▶ _Records shown_:

-------

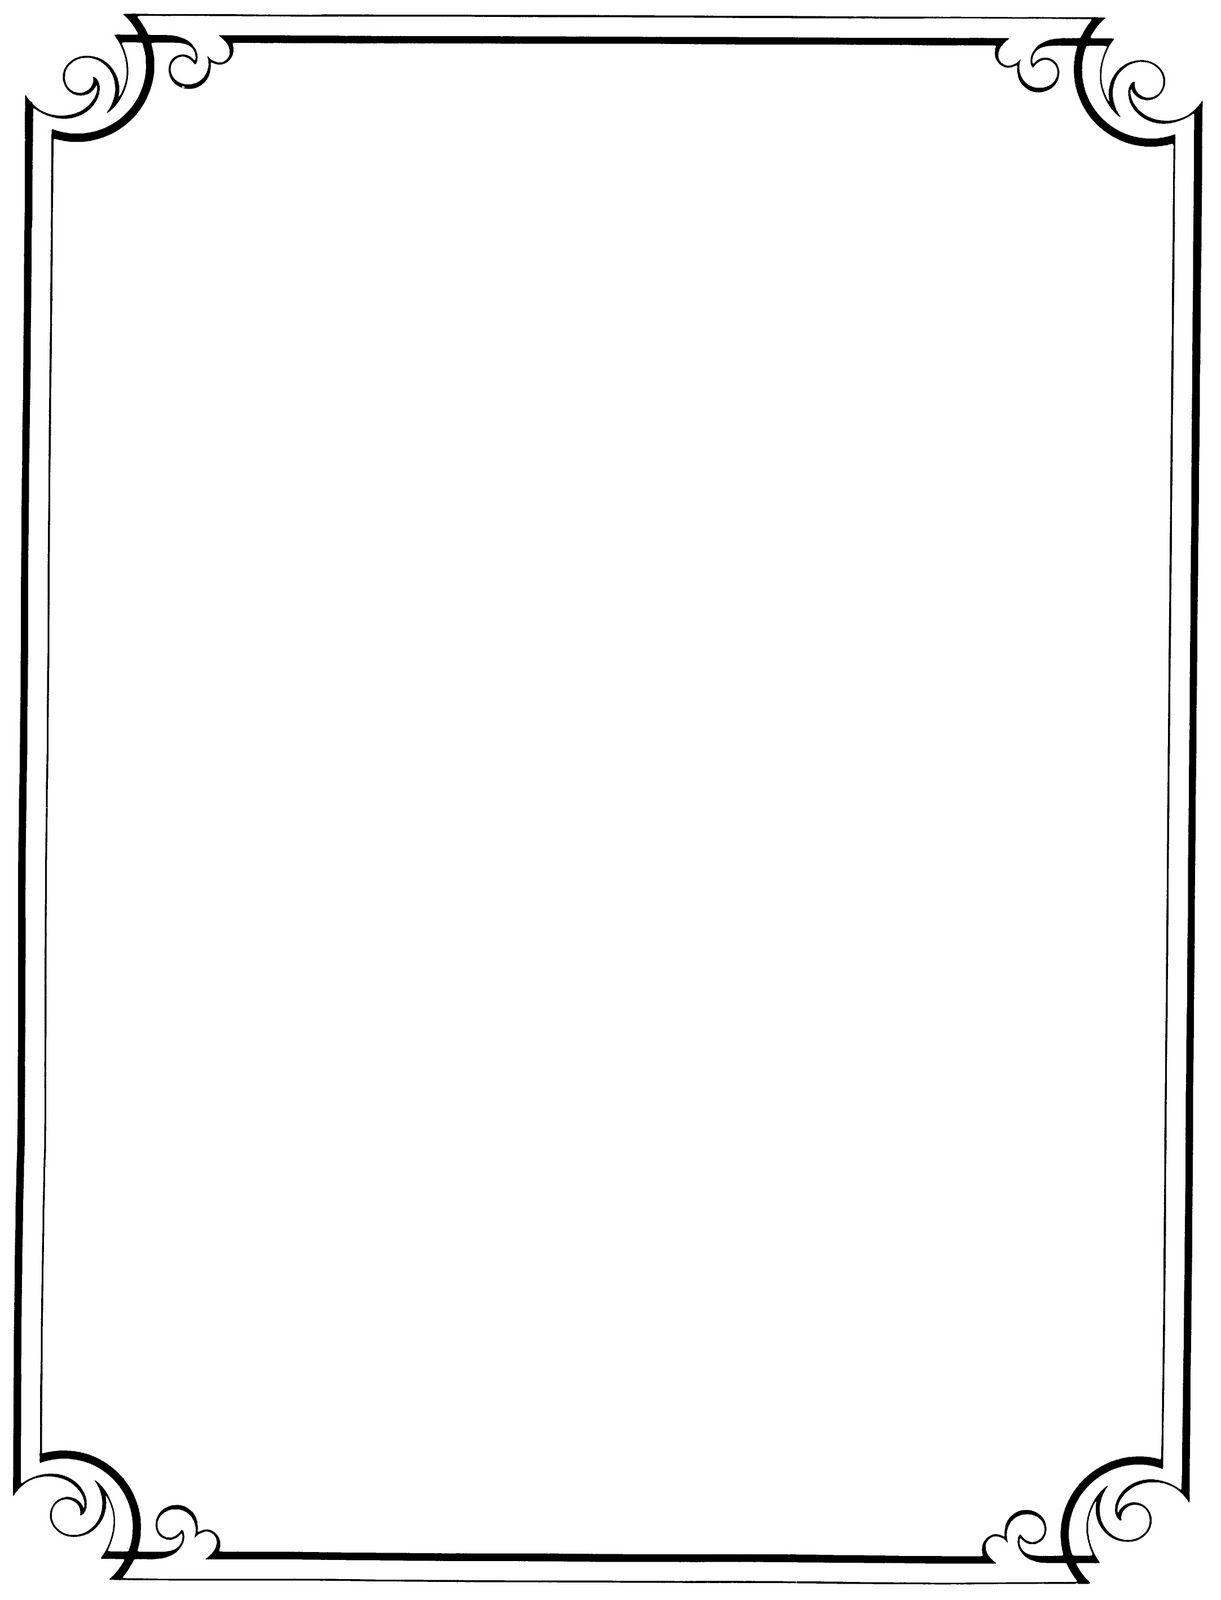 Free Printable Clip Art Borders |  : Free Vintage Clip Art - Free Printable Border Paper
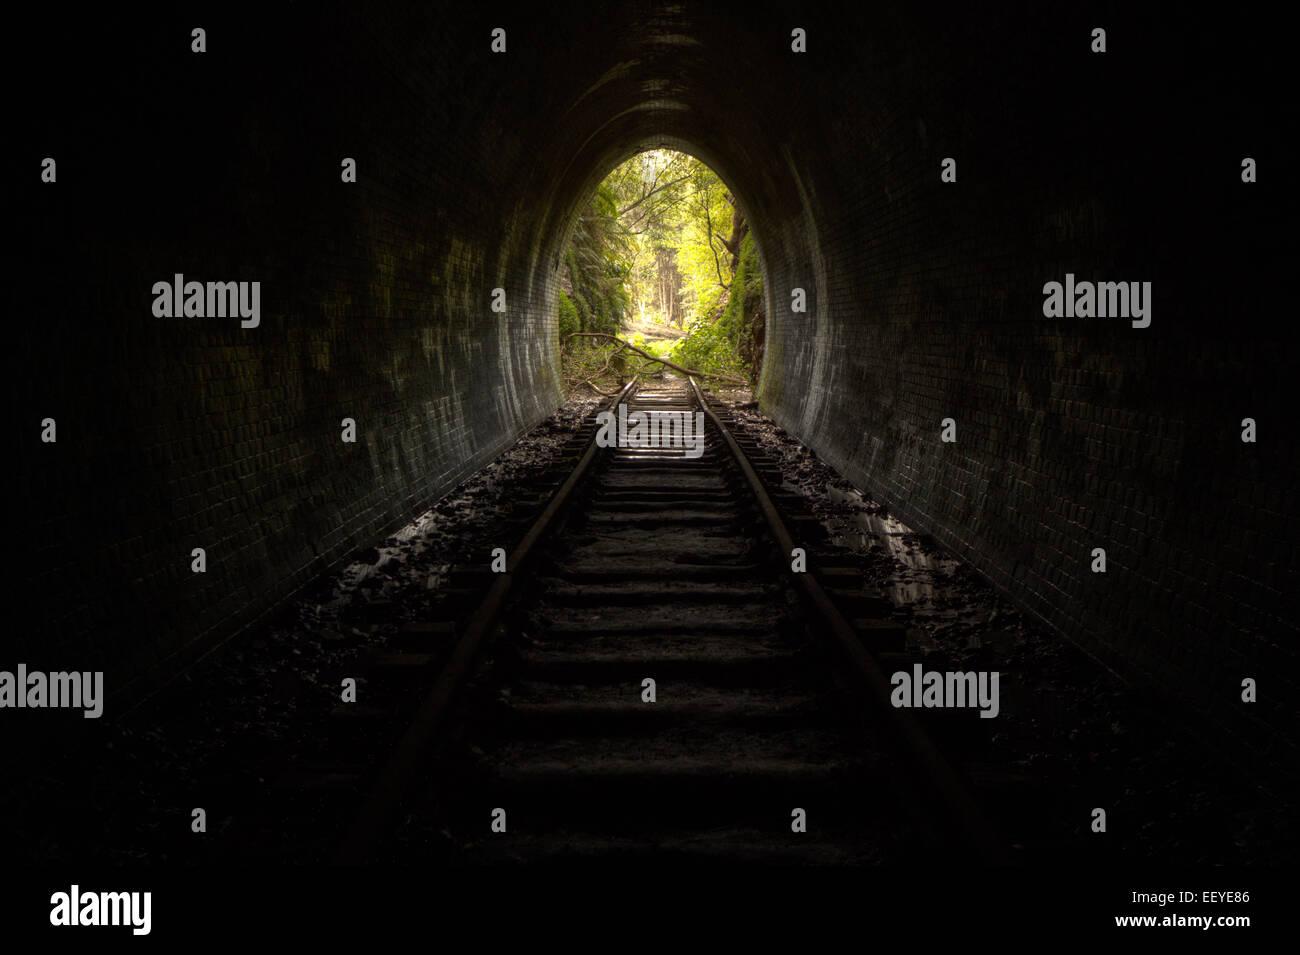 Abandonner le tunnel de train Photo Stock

-------

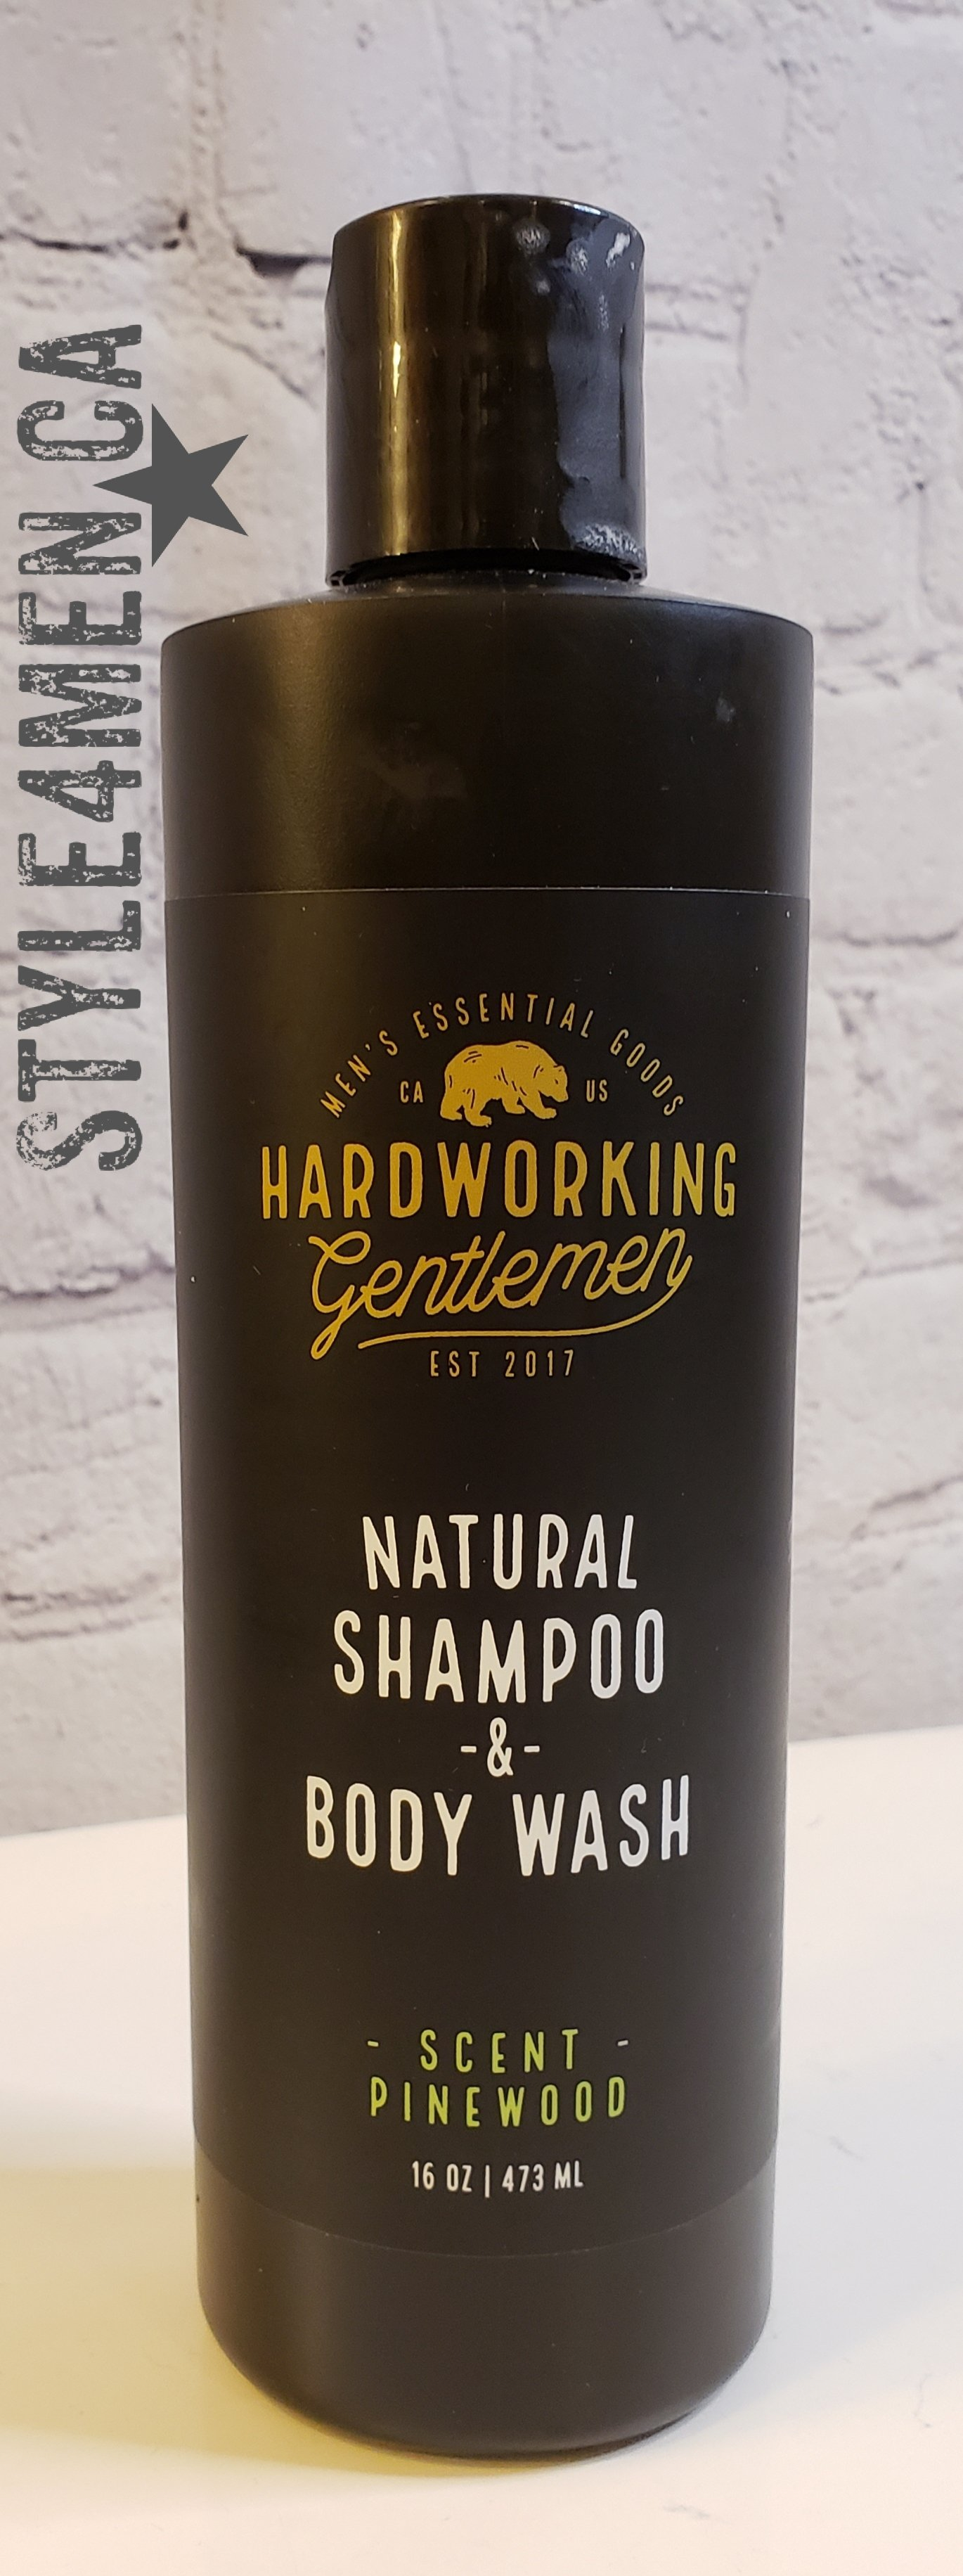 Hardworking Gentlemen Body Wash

-------

▶ _Exercise description_: Return the lines above from the one with "Free Printable Clip" through the one with "Abandonner le tunnel de train Photo Stock", verbatim and nothing else. Omit every picture.

▶ _Response area_:
 Free Printable Clip Art Borders |  : Free Vintage Clip Art - Free Printable Border Paper
 Abandonner le tunnel de train Photo Stock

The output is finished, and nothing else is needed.